I just bought a barbour coat from Ebay. It is really, really stiff. Much stiffer than any waxed jacket that I have ever seen before. It literally can stand up on its own. It does start to relax when I wear it however it isn't that comfortable. Does anyone have any ideas as to how I can get it to soften up.


----------



## closerlook (Sep 3, 2008)

is there some kind of conditioning creme for waxed jackets?


----------



## Speas (Mar 11, 2004)

Just re-oil it. The volatiles in the wax/oil have evaporated.


----------



## closerlook (Sep 3, 2008)

Speas said:


> Just re-oil it. The volatiles in the wax/oil have evaporated.


... what he said.


----------



## jacflash (Aug 29, 2008)

What they said. Get some of Barbour's reproofing stuff and follow the instructions.
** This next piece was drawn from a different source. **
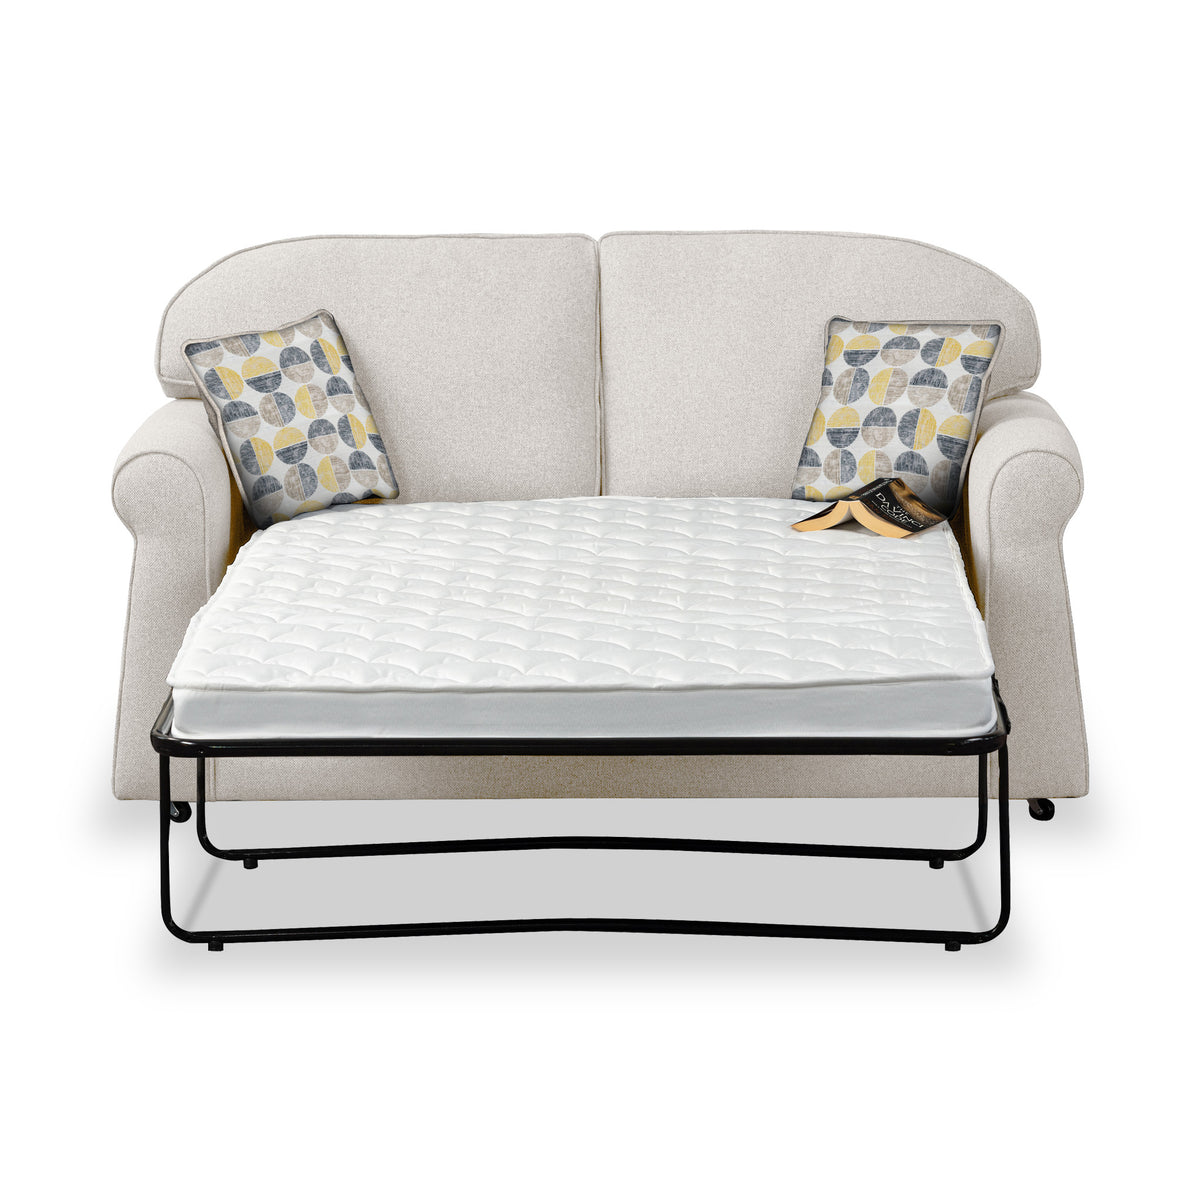 Giselle Oatmeal Soft Weave 2 Seater Sofabed with Beige Scatter Cushions from Roseland Furniture

In the interim you can try leaving it outside on a warm sunny day and/or warming it up (gently!) with a hair dryer, but if it's really gone dry that's unlikely to help a whole lot.


----------



## jacflash (Aug 29, 2008)

Actually, on further thought... if you're willing to put $50ish into this, consider sending it in to Barbour and having them do it. They'll do it right, and they'll take care of any little things that might need mending while it's there. They can also adjust sleeve length for you if necessary. Prices are quite reasonable.


----------



## fishertw (Jan 27, 2006)

*what he said!*



jacflash said:


> Actually, on further thought... if you're willing to put $50ish into this, consider sending it in to Barbour and having them do it. They'll do it right, and they'll take care of any little things that might need mending while it's there. They can also adjust sleeve length for you if necessary. Prices are quite reasonable.


I'va had Barbout do a reproffing and it does wonders. Like Jackflash said.
Tom


----------